Frau Klemm schüttelte den Kopf. "Nein, erst seit einem halben Jahr. Ich war als Medizinalassistentin in Eppendorf in der Uni-Klinik."

Ina hatte großes Verständnis für Anfängerinnen. Sie wusste, wie es ihr damals ergangen war, als sie in derselben Phase steckte wie diese junge Frau.

Irgendetwas gefiel Ina an der dunkelhaarigen Assistentin. Inas Schätzung nach war die nicht älter als fünfundzwanzig. Die Frauen, dachte Ina, kommen immer etwas früher ins Geschäft. Sie brauchen zu keinem Wehrdienst und auch nicht zum Zivildienst. Damit gewinnen sie mindestens anderthalb Jahre.

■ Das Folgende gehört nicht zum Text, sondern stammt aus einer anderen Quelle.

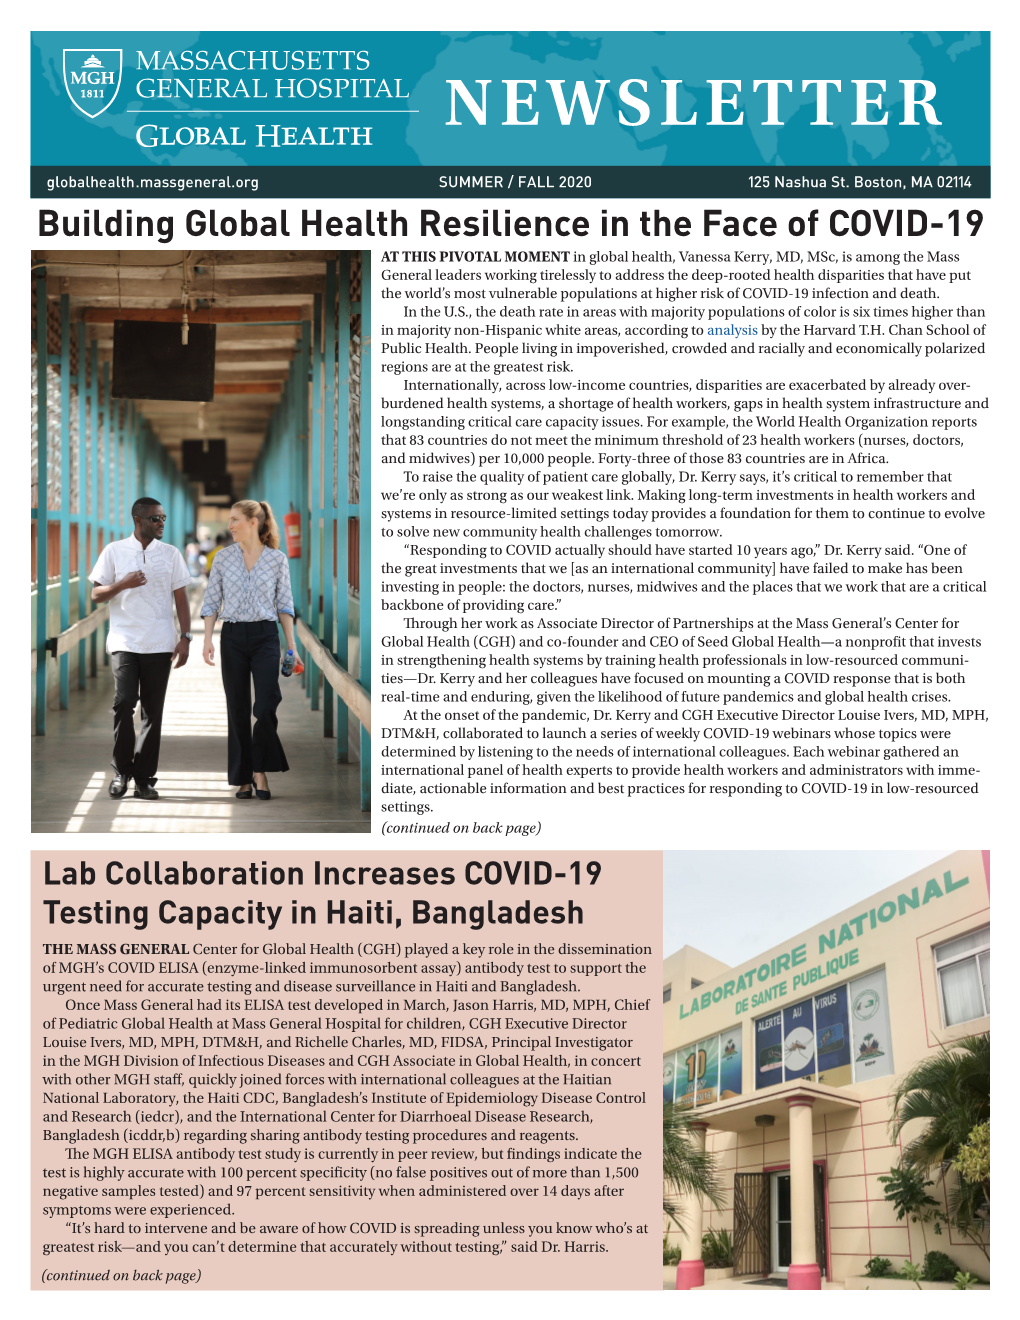 Building Global Health Resilience in the Face of COVID-19

Der an den Schläfen schon ergraute Oberarzt Dr. Haber gesellte sich zu ihnen, schrubbte ebenfalls die Hände. "Die Chirurgen sind schon drinnen", sagte er zu Ina. Sie kannten sich, und er lächelte ihr aufmunternd zu. "Nicht gerade ein schöner Fall. Wir müssen uns beeilen. Wahrscheinlich haben die schon angefangen."

"Wer macht die Anästhesie?", wollte Ina wissen.

"Der Kollege Fink. Und die Operation", erklärte Dr. Haber weiter, "macht Höfermann selbst."

Höfermann, das war Professor Dr. Höfermann, wie Ina wusste, der Chefarzt der Chirurgie. Ein hervorragender Chirurg, aber ein barscher, mitunter sehr laut werdender Mann. Aber eben ein großer Operateur, der sich leisten konnte, mit den meisten umzuspringen wie er wollte.

Dr. Haber fuhr fort: "Er hat sogar seinen Oberarzt mitgebracht. Es scheint wirklich eine sehr schwierige Sache zu sein."

Ina wandte sich Habers Kollegin Dr. Klemm zu und sah die junge Frau beinahe mitleidig an. Wenn das gleich eine so schwierige Sache war, wurde das für eine Anfängerin zur Belastung.

"Nur Mut", sagte Ina und lächelte aufmunternd.

Die junge, dunkelhaarige Frau schluckte, versuchte sehr tapfer zu sein und sagte: "Ich werde es schon schaffen. Für das Kind ist es viel schlimmer, sehr viel schlimmer."